→ The problem
Keep every word of the listing and drop the images when you write it out.

→ Material provided
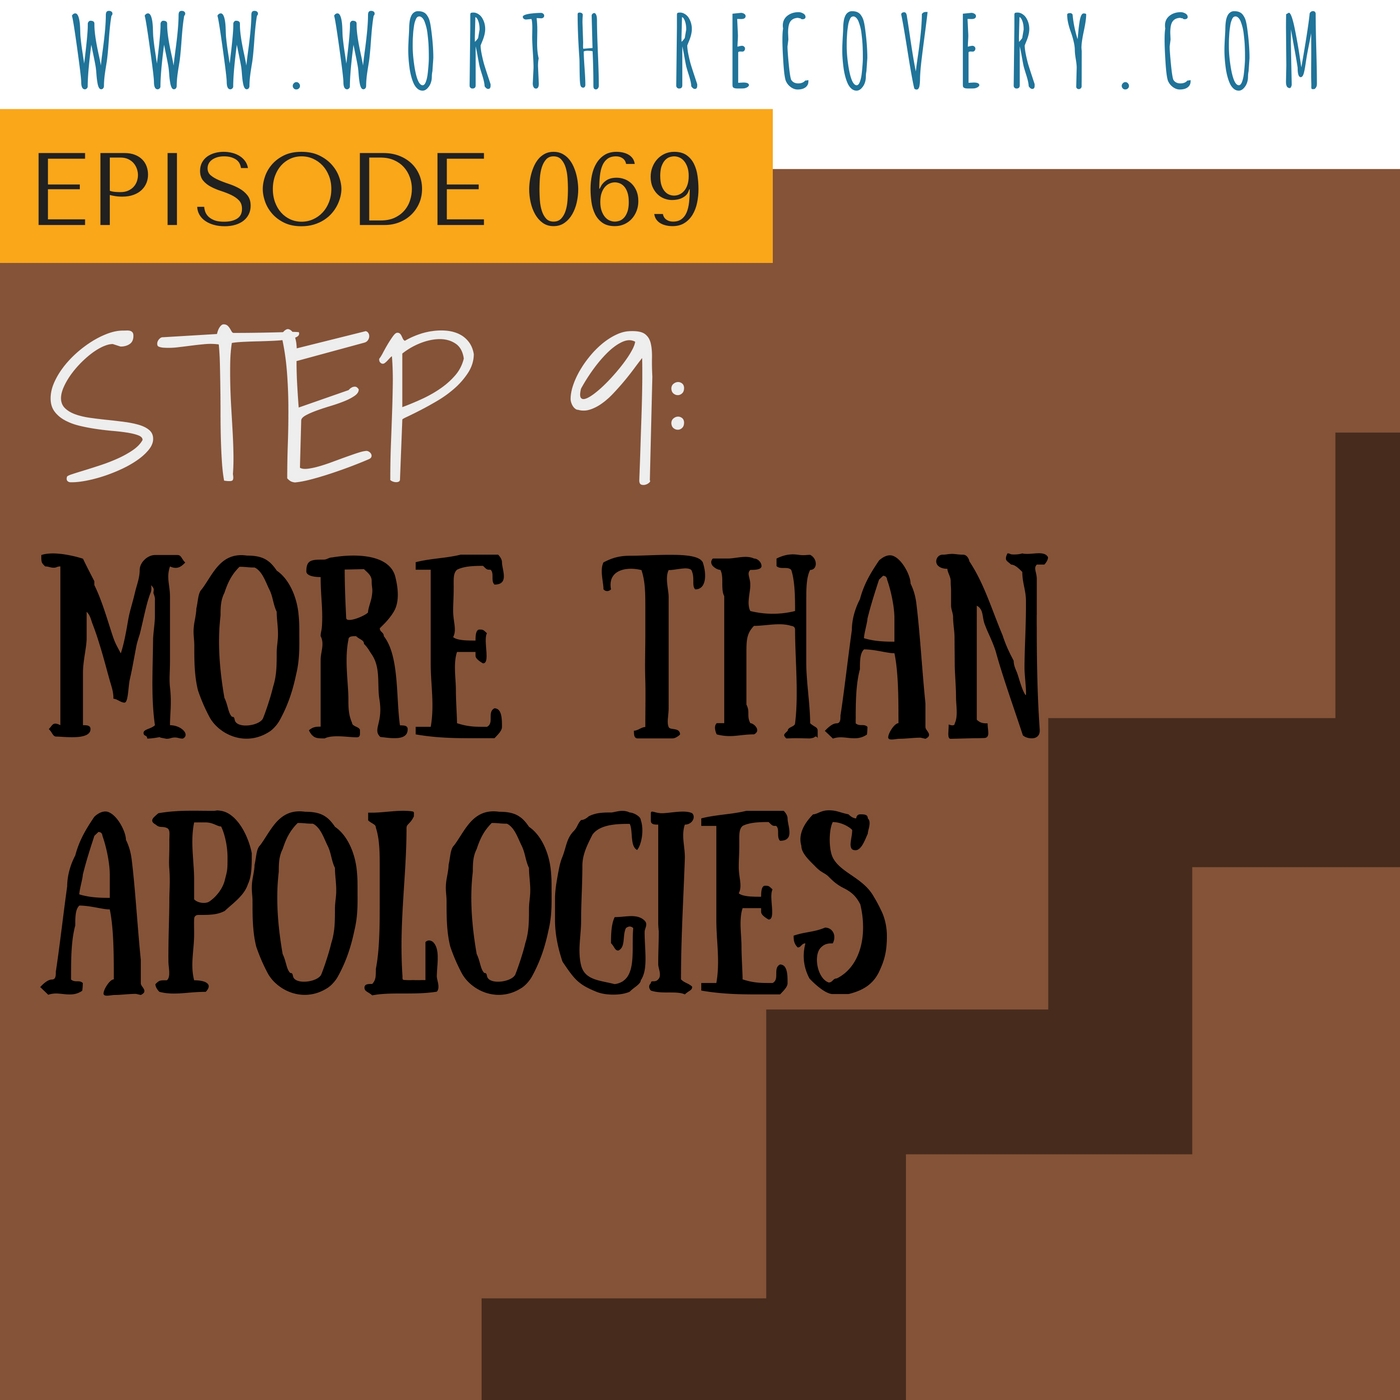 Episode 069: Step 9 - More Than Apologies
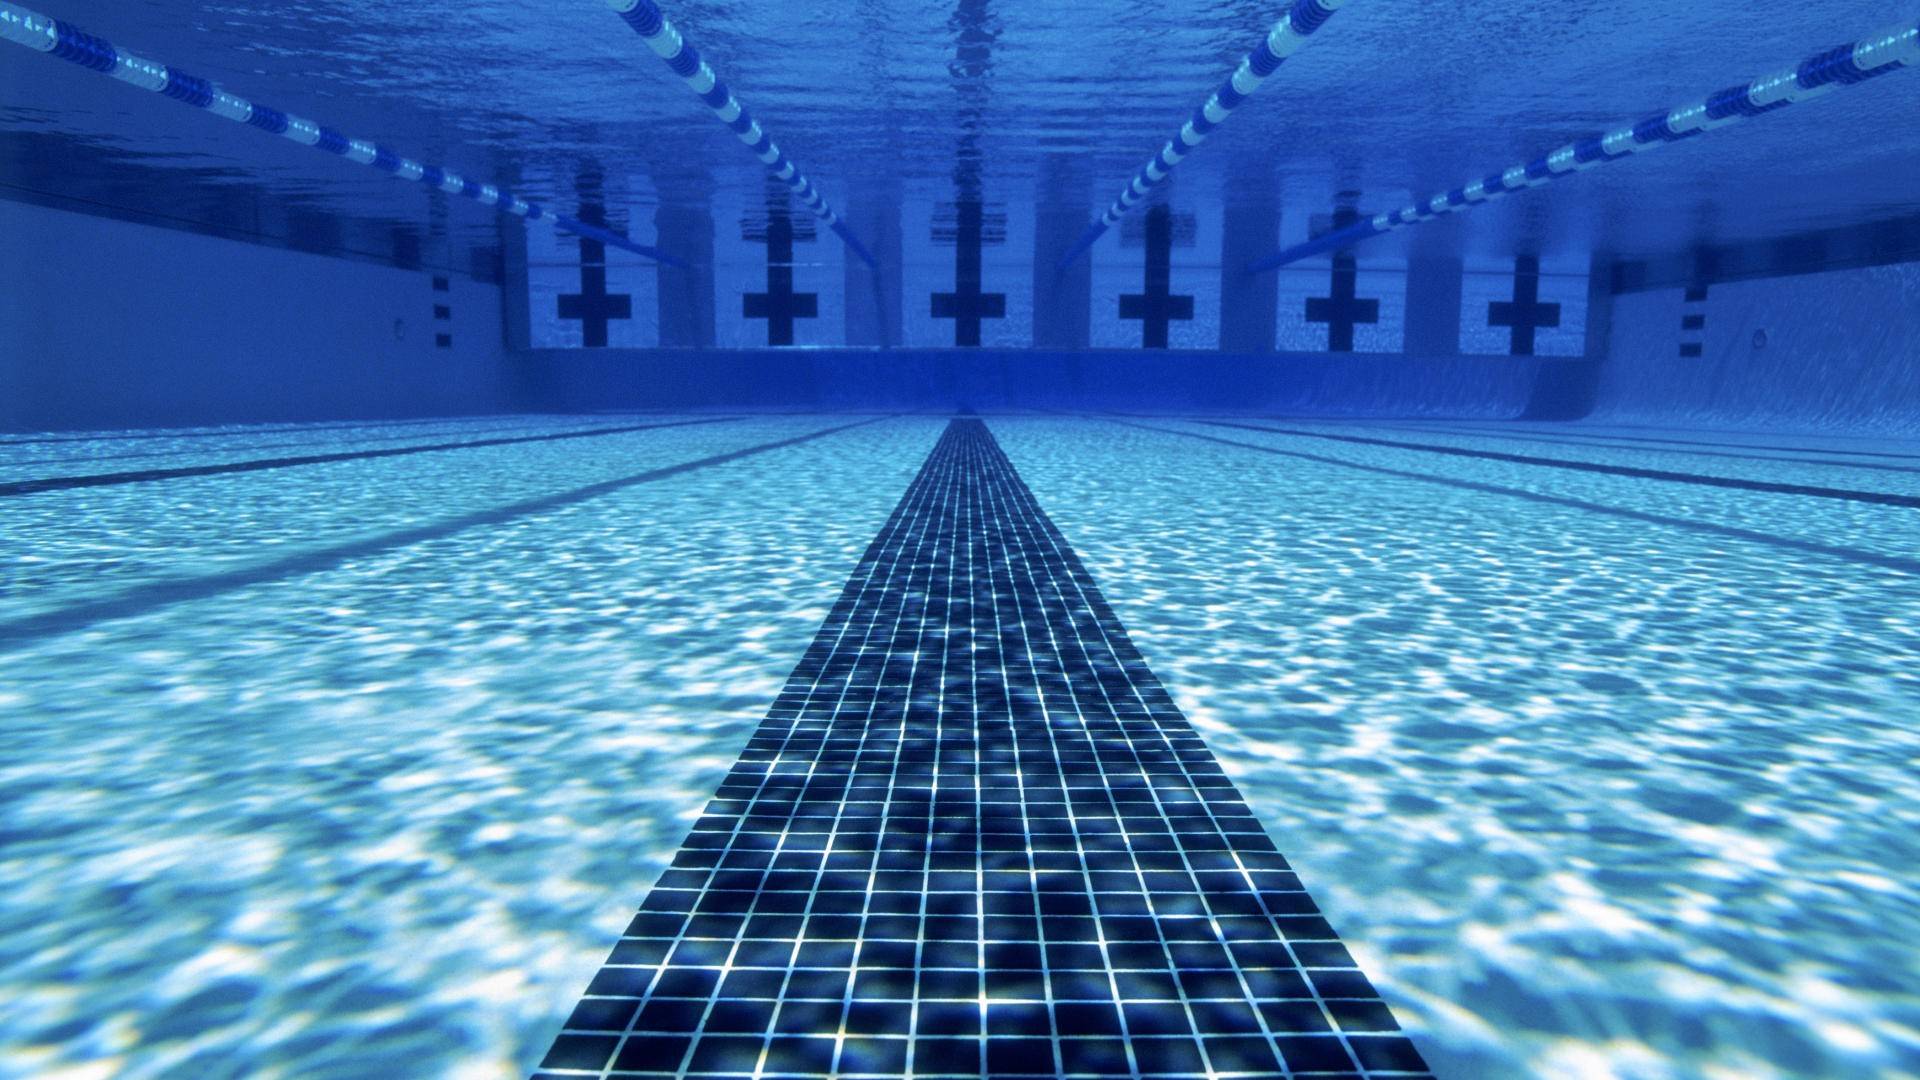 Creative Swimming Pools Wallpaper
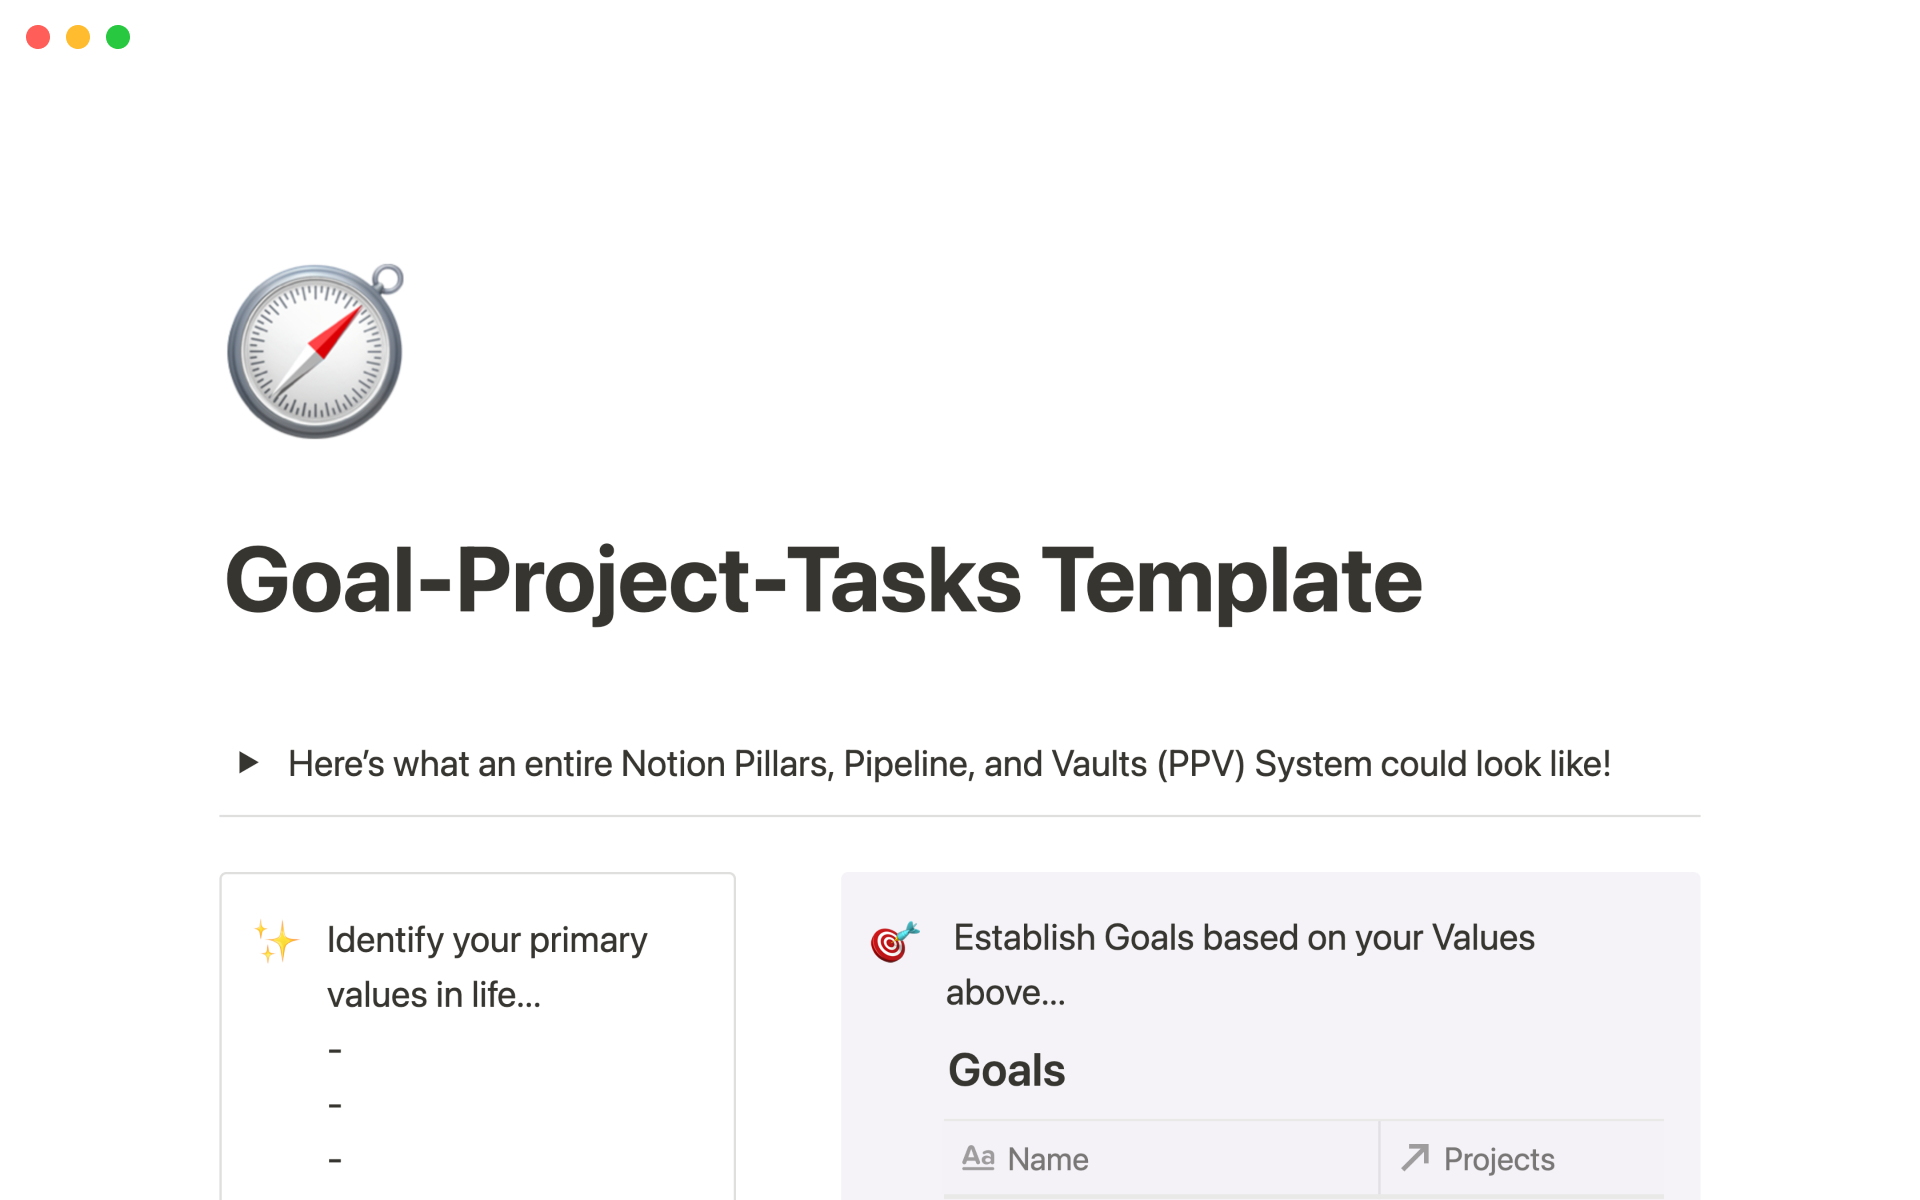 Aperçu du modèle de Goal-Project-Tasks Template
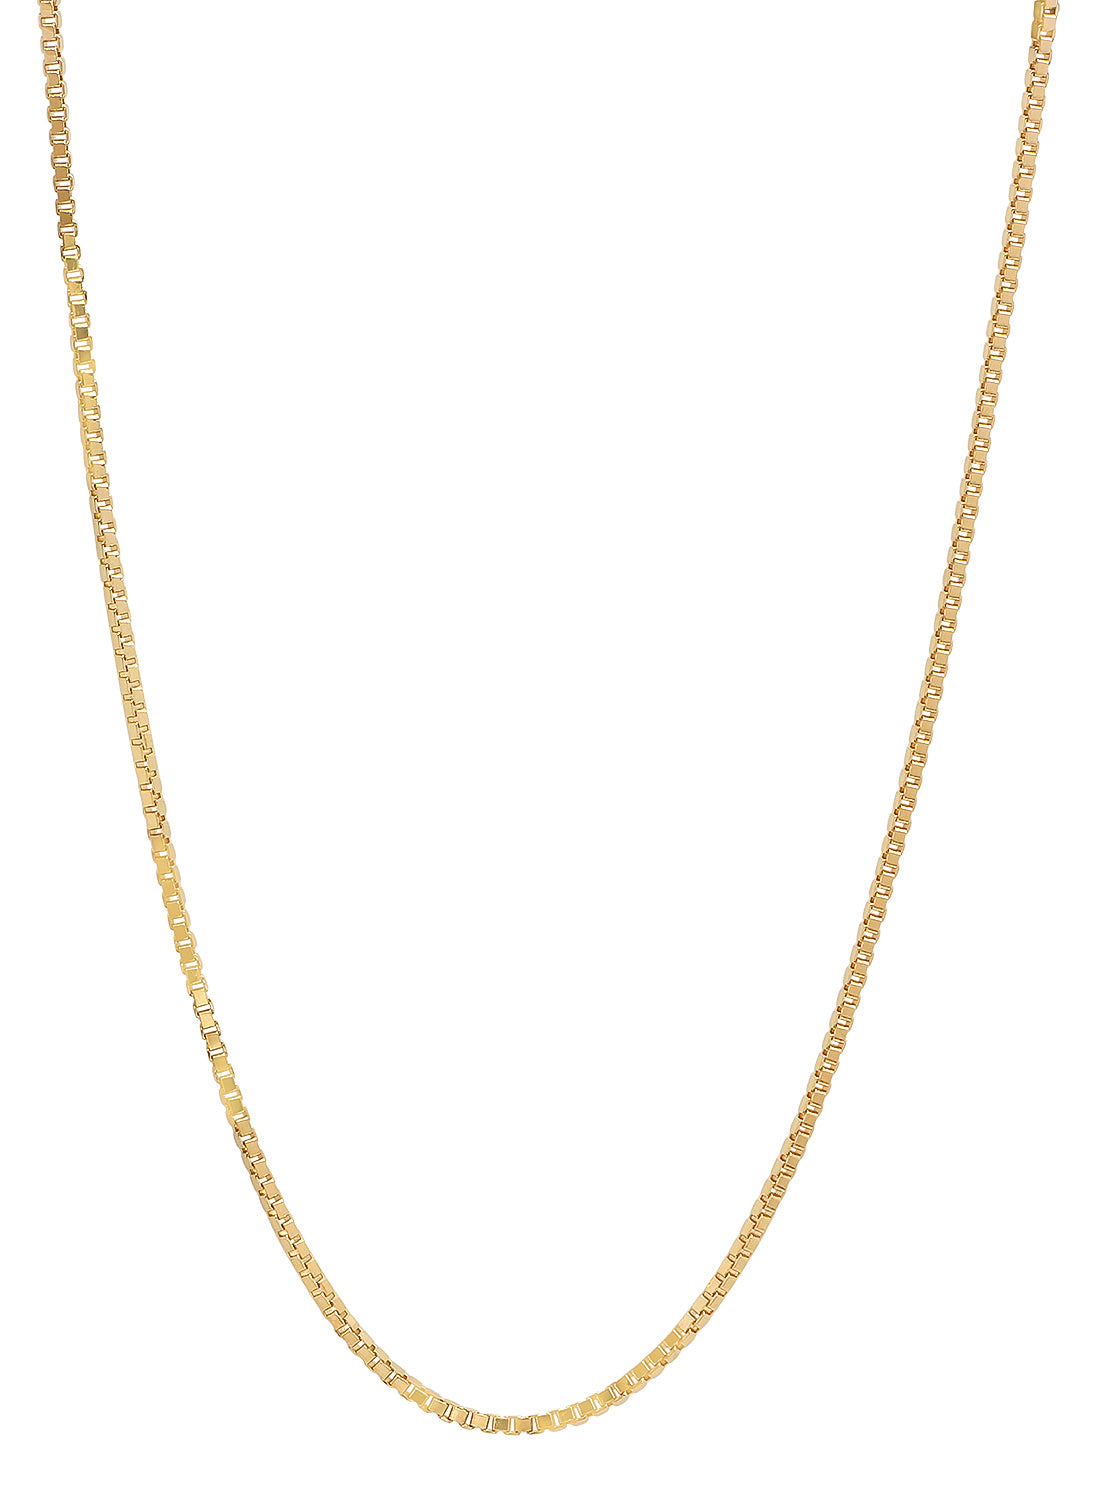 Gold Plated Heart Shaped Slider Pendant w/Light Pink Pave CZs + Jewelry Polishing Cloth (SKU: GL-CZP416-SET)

→ Result of this task
 Episode 069: Step 9 - More Than Apologies
 Creative Swimming Pools Wallpaper
 Aperçu du modèle de Goal-Project-Tasks Template
 Gold Plated Heart Shaped Slider Pendant w/Light Pink Pave CZs + Jewelry Polishing Cloth (SKU: GL-CZP416-SET)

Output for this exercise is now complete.